Eighty-eight percent of the respondents in a survey conducted by Milli Gazette in four Muslim-managed colleges in Mumbai, said that discrimination is not an issue for them. Asif Siddique, a management student, said "I am sure that if I have the qualifications and requisite competence nobody can stop me achieving success in life."

Disunity amongst Muslims
It is perhaps the most widely discussed myth propagated by various vested interests in the community. Disunity, if any, only exists amongst the intellengtsia and different section of the ulama. As far as the common man is concerned, the real issue is illiteracy not disunity. It is because of the lack of education, the sentiments of the masses are exploited by the vested interest.
Sixty-three percent of the respondents in our survey said that they didn’t consider theological differences of any significance and it did not influence their behavior towards other students of different schools of thought.

Rise of communalism
Although Gujarat riots still stare us in the face but no one can deny the fact that a majority of non-Muslims of this country are non-communal and peace-loving. Communalism is the product of divisive policies of political parties and communal groups. The majority of Hindus live, work, and interact with Muslims without discrimination. In rural India dress, language, food habits, culture and occupations of both Muslims and non-Muslims are the same.

Ulama’s orthodoxy and their concentration on putative issues
Muslim elite and intellengtsia always blame Ulama for the community’s problems. Though criticism in some regards is justified but to put the entire blame on Ulama for the ills of the community is not justified. Ulama are a part and parcel of the community and reflect its moral and intellectual stagnation. The issues related to Ulama are more to do with the socio-economic conditions rather than ideological or theological differences.

A fresh approach is needed while debating the issue of Muslim empowerment.

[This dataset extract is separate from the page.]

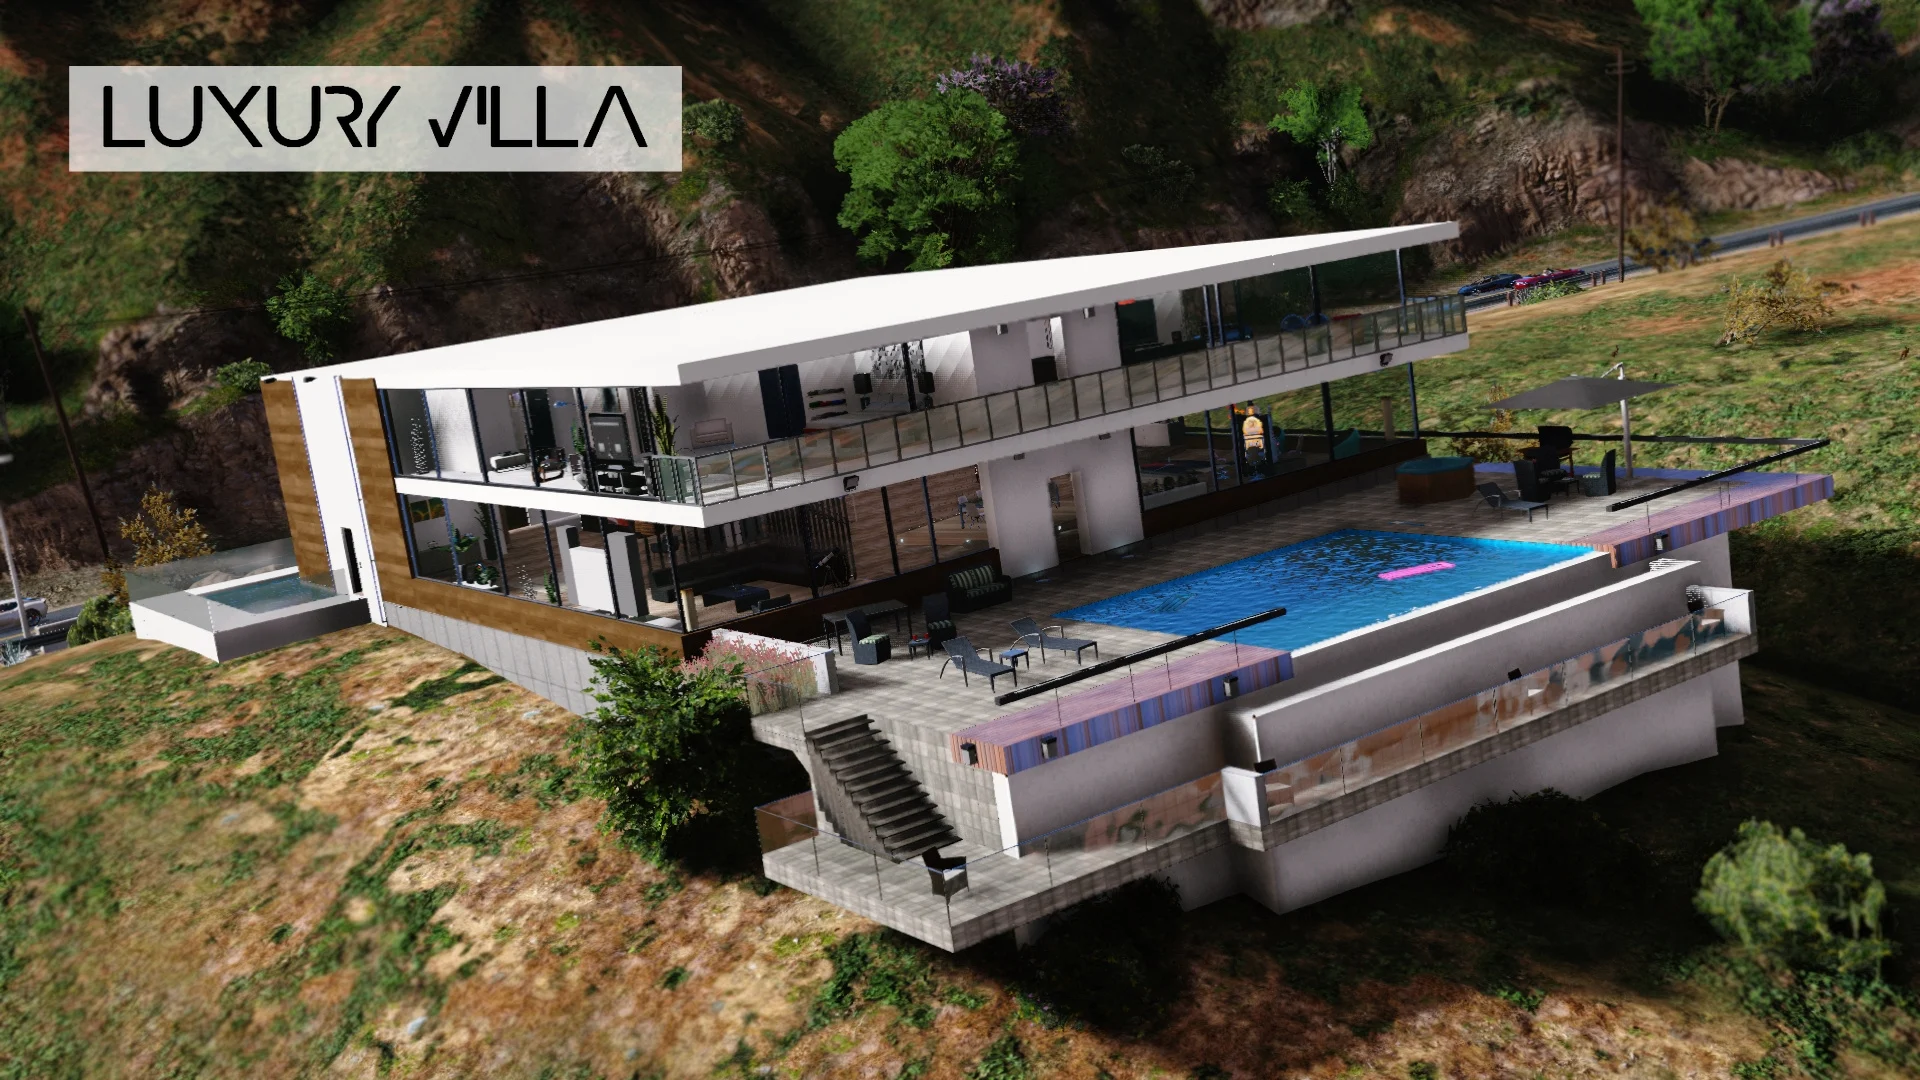 Luxury Villa ! [Menyoo] 1.2

Discard the emotional baggage of the past
The first step on the road to empowering Muslim is to discard the emotional baggage of the past, howsoever painful it may be. Today’s Muslim youth are not interested in knowing about the trauma of the decades gone by. They are future-oriented. They want to know what the future prospect is and how to overcome the current shortcomings and weaknesses.

Our survey revealed that a majority of students are not interested in the issues raised by the All India Muslim Personal Law Board, Muslim and Islamic organizations and politicians.

Out of the 81 respondents 76 per cent said that they do not consider AIMPLB was an effective organisation. Ninety-one per cent of the respondents said AIMPLB is only of symbolic use. Today’s youth are eager to discuss future rather than the past.

Change the mindset 
The second step needed is to inculcate a mindset of the community through various efforts. They must be taught that the community’s future is in their own hands rather than any external agencies such as government or political parties. Psychologists have confirmed that empowerment is a "state of the mind". So what is needed is to change the mindset? The change in mindset is a painfully slow and prolonged process which can be initiated by bringing in relevant changes in the educational system and the syllabus taught in madrasas and adding new subjects in the Muslim- managed schools and colleges.

Building a positive, vibrant, and evolving community culture
The third step is to strive for building a positive, vibrant, and evolving community culture replacing the current stagnating culture which is nothing but an imitation of the past societies which are no longer in sync or relevant to our country.

Above all what is required is the will to change. Unless and until the festering past is discarded in favour of the future, empowerment cannot be visualized let alone attained. A planned and sustained effort at the grassroots is needed to start the process of empowerment of Muslims in India.